Merling has gone from a player oozing with potential to possibly his last chance in the NFL. The 32nd overall draft choice by the Miami Dolphins in 2008 was signed by the Packers in May after being released earlier this offseason.

At one point, Merling was considered an up-and-coming player out of Clemson. In his rookie year, he had 26 tackles and one sack and then followed that up by making 33 tackles and 2.5 sacks in his second year as a professional.

Then in 2010, Merling’s career became derailed. He was arrested in a domestic dispute in May after an argument with his girlfriend, although charges were later dropped.

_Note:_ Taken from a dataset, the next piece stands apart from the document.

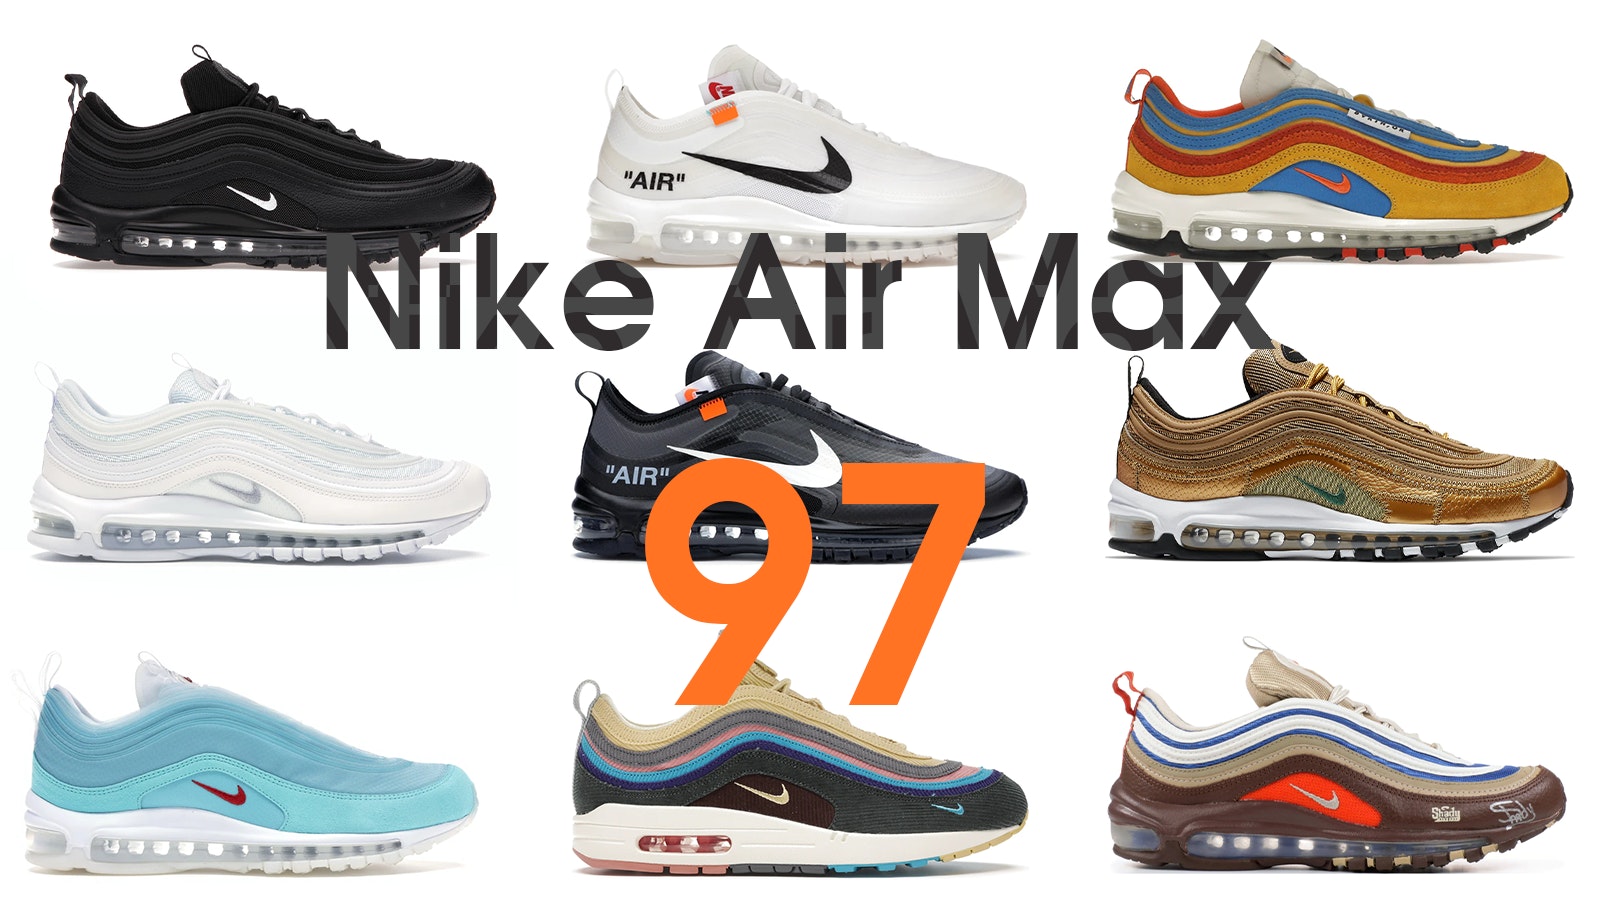 Nike Air Max 97 Review

Then in August he tore his Achilles tendon, which limited him to only five games that season.

Merling saw his playing time decrease even more in 2011, playing in just 10 games and starting only one. After reportedly missing part of the Dolphins’ offseason program this spring, they had seen enough.

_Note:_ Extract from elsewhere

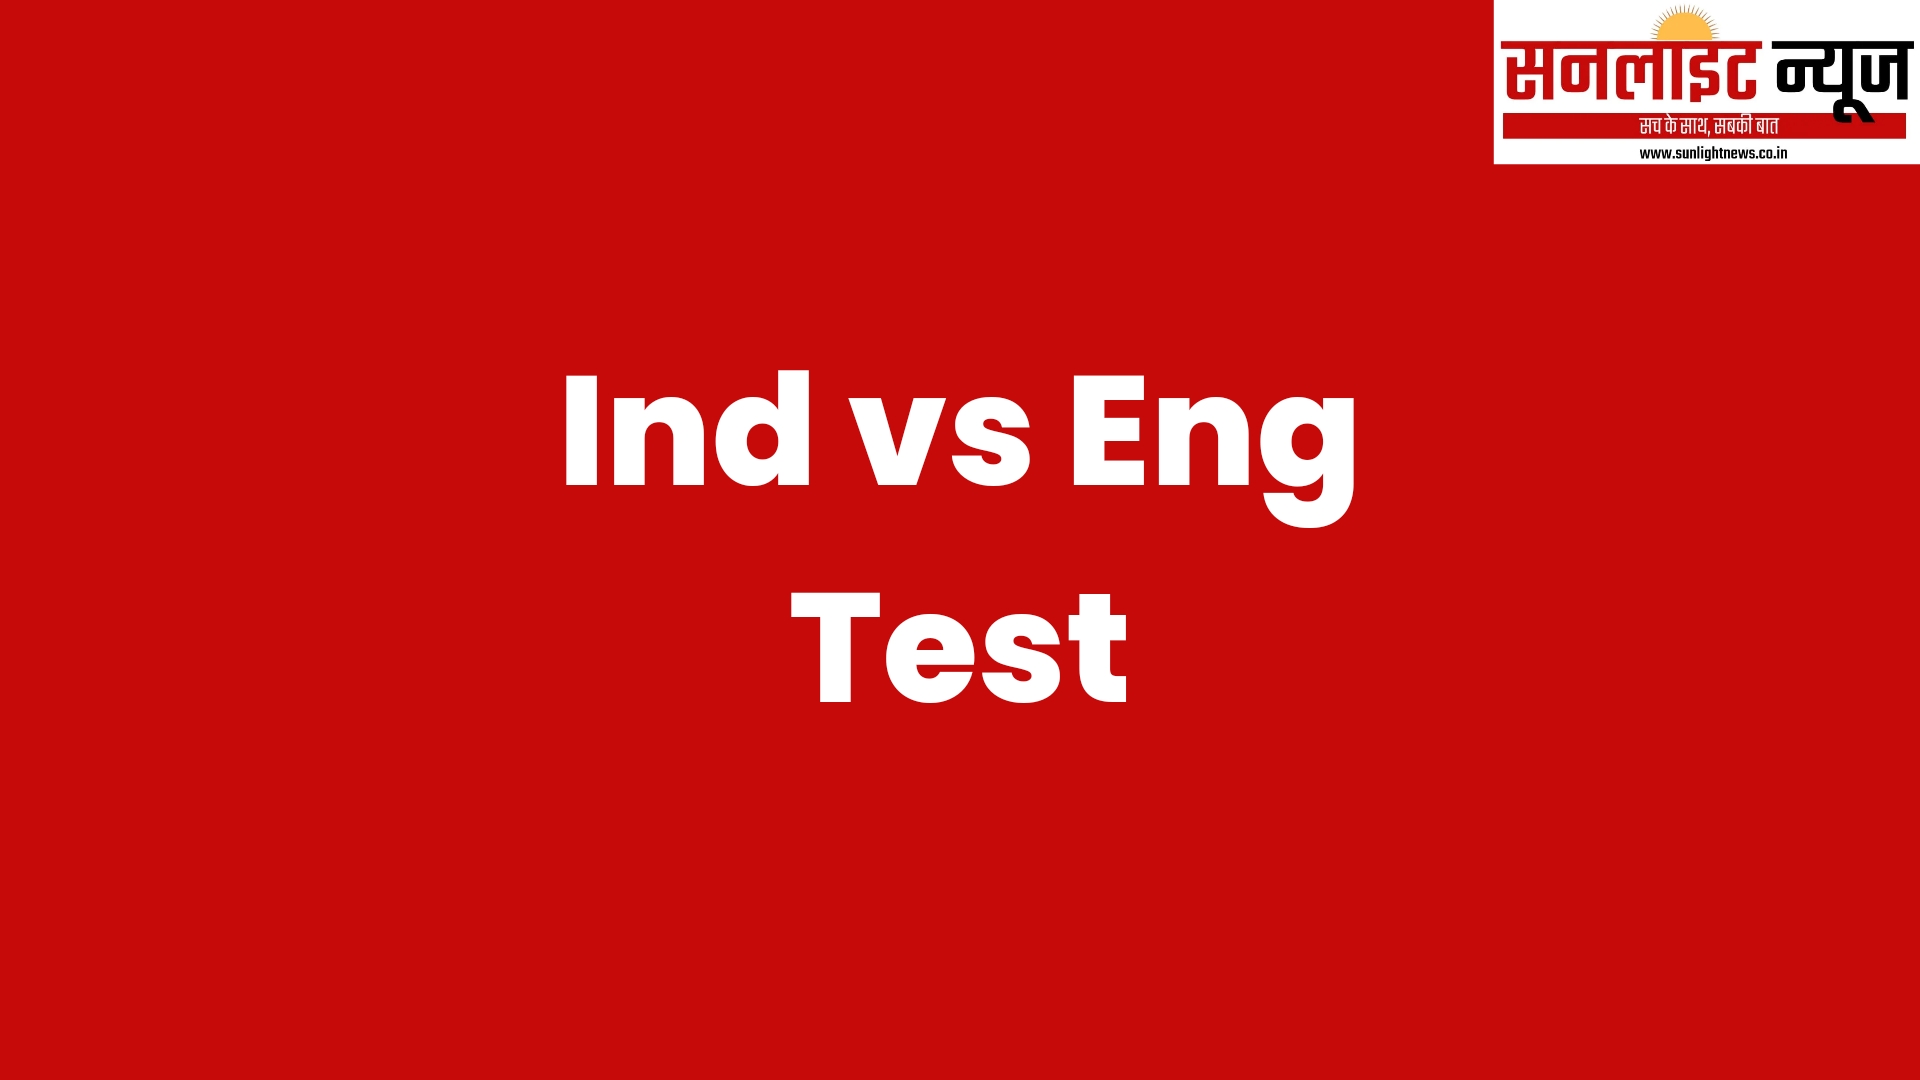 Ind vs eng test

Described as “overweight” by Rob Demovsky of the Green Bay Press-Gazette, the Packers took a chance on Merling anyway. Even though the Dolphins were in the process of switching to a 4-3 defense this season, Merling has experience in their prior 3-4 scheme, and could play a base defensive end for the Packers.

However, there’s just too many things working against Merling to expect him to be a factor this season. Perhaps a change of scenery will do him some good, but from his legal troubles to his injury history to his spotty work ethic, anything Merling does in a Packers uniform would be viewed as a bonus.


Daniel Muir

Muir entered the NFL with the Packers in 2007 as an undrafted rookie and was able to crack the 53-man roster late that season.

After being cut during training camp in 2008, Muir caught on with the Indianapolis Colts and would actually go on to play a significant role in 2009 by making 54 tackles as the Colts qualified for the Super Bowl that season.

By 2011, however, Muir’s career was hanging by a thread. He was signed by the Colts at midseason and only played in four games before being released.

The Packers invited Muir back with a contract this offseason and are offering him a chance to be part of the 2012 defensive line rotation. Working in Muir’s favor is that he’ll be rejoining a team where he has some familiarity, but he’ll also be playing in a 3-4 defense for the first time in his career.

Despite the schematic change, Muir remains upbeat. In an interview with Cheesehead TV’s “Railbird Central” in March, he said:

I'm just looking forward to coming up there and getting myself mentally and physically prepared. Coming from a 4-3 to a 3-4, I don't think it will be that much difference. Scheme-wise it's different, terminology, but at the end of the day, it's football.

It’s a good thing Muir has a positive attitude, because that’s one of the few things he has going for him. As a defensive tackle, he doesn’t have the girth of a Raji or a Pickett at a comparatively small 322 pounds. Muir has never been known as a sack artist, so he’ll have to prove himself by being able to stuff the run.

There’s certainly the possibility that Muir or Hargrove or Merling surprise onlookers and add a new dimension to the Packers defensive line. They just shouldn’t be expected to be a "magic pill" for what ails the defense.